Page MenuHomePhabricator

integration-agent-docker-1028 is not reachable
Closed, ResolvedPublic

Description

https://integration.wikimedia.org/ci/computer/integration%2Dagent%2Ddocker%2D1028/log

[08/16/22 20:19:38] [SSH] Opening SSH connection to 172.16.7.62:22.
connect timed out
ERROR: Connection is not established!
java.lang.IllegalStateException: Connection is not established!

And I can't ssh to it:

integration-agent-docker-1028.integration.eqiad1.wikimedia.cloud: Permission denied (publickey).

Event Timeline

Mentioned in SAL (#wikimedia-releng) [2022-08-16T20:30:47Z] <hashar> Repooled integration-agent-docker-1028 , it was mysteriously unreachable T315372

hashar claimed this task.

According to https://horizon.wikimedia.org/project/instances/886e9ca7-a2bc-4bd3-9a71-ae743245fe6a/ It had a live-migration on July 19, 2022, 3:13 a.m.
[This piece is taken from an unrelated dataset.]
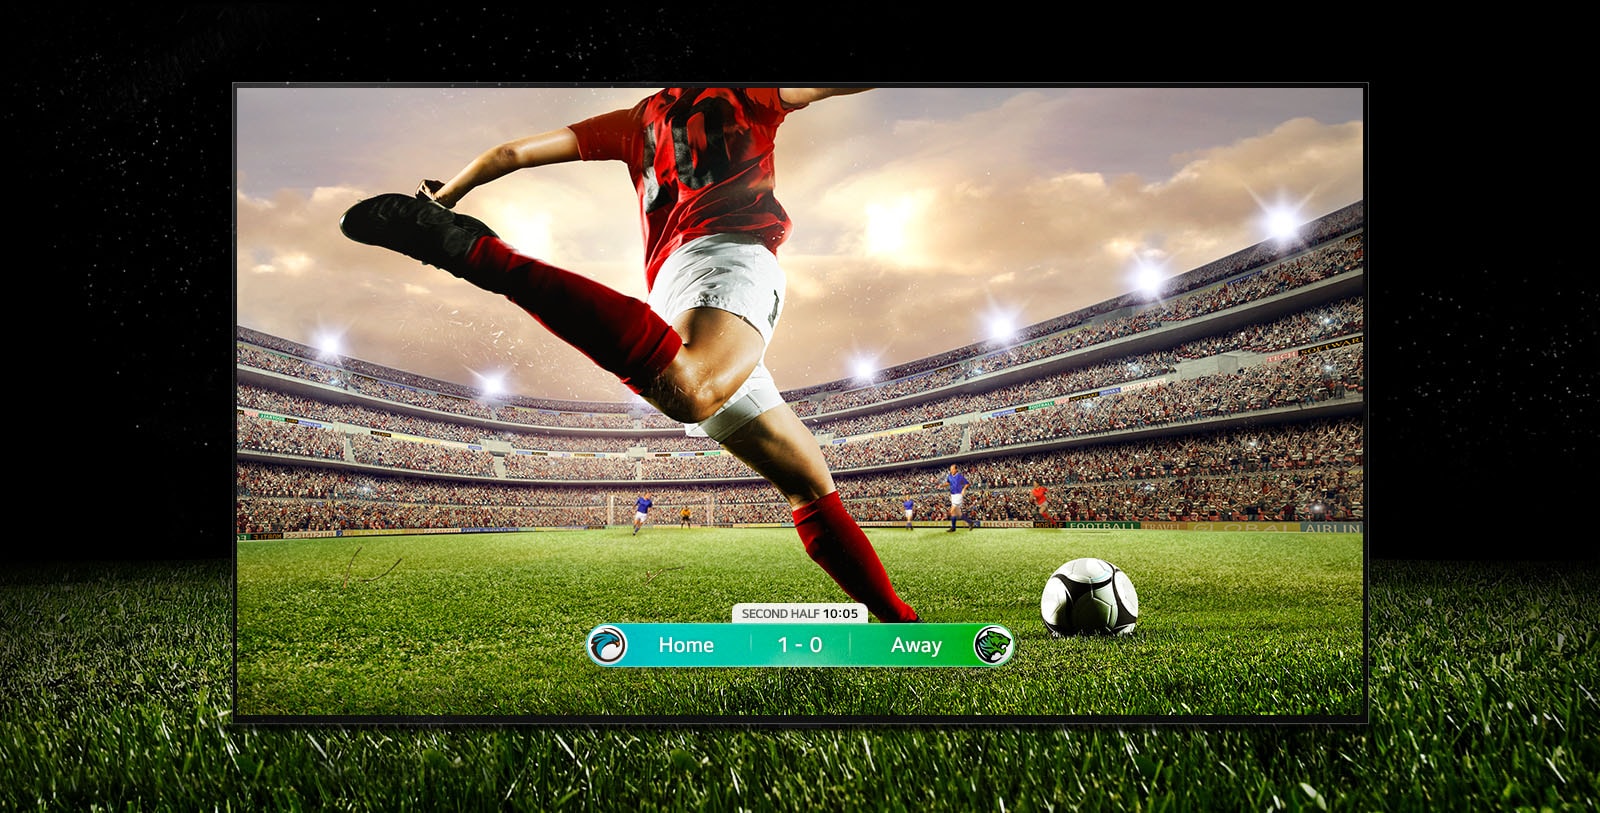 Na ekranu se igra nogometna tekma.  Igralec v rdečem dresu bo brcnil žogo po travniku.  Rezultat je prikazan na dnu zaslona.  Travna trava se razteza preko televizorja in tako izboljša pristno gledanje.

I have rebooted the instance via Horizon and managed to ssh to it again. motd says:

The last Puppet run was at Tue Aug 16 16:37:37 UTC 2022 (231 minutes ago).

So it got stuck somehow?

Based on timing, this was likely related to an accidental reboot of several cloudvirts that happened on today (2022-09-16).

Could have been. That got noticed last week due to a script failing T315106 and I am guessing the instance had been unreachable for a lot longer though. Anyway the restart fixed it ;) Thx for the hint Bryan.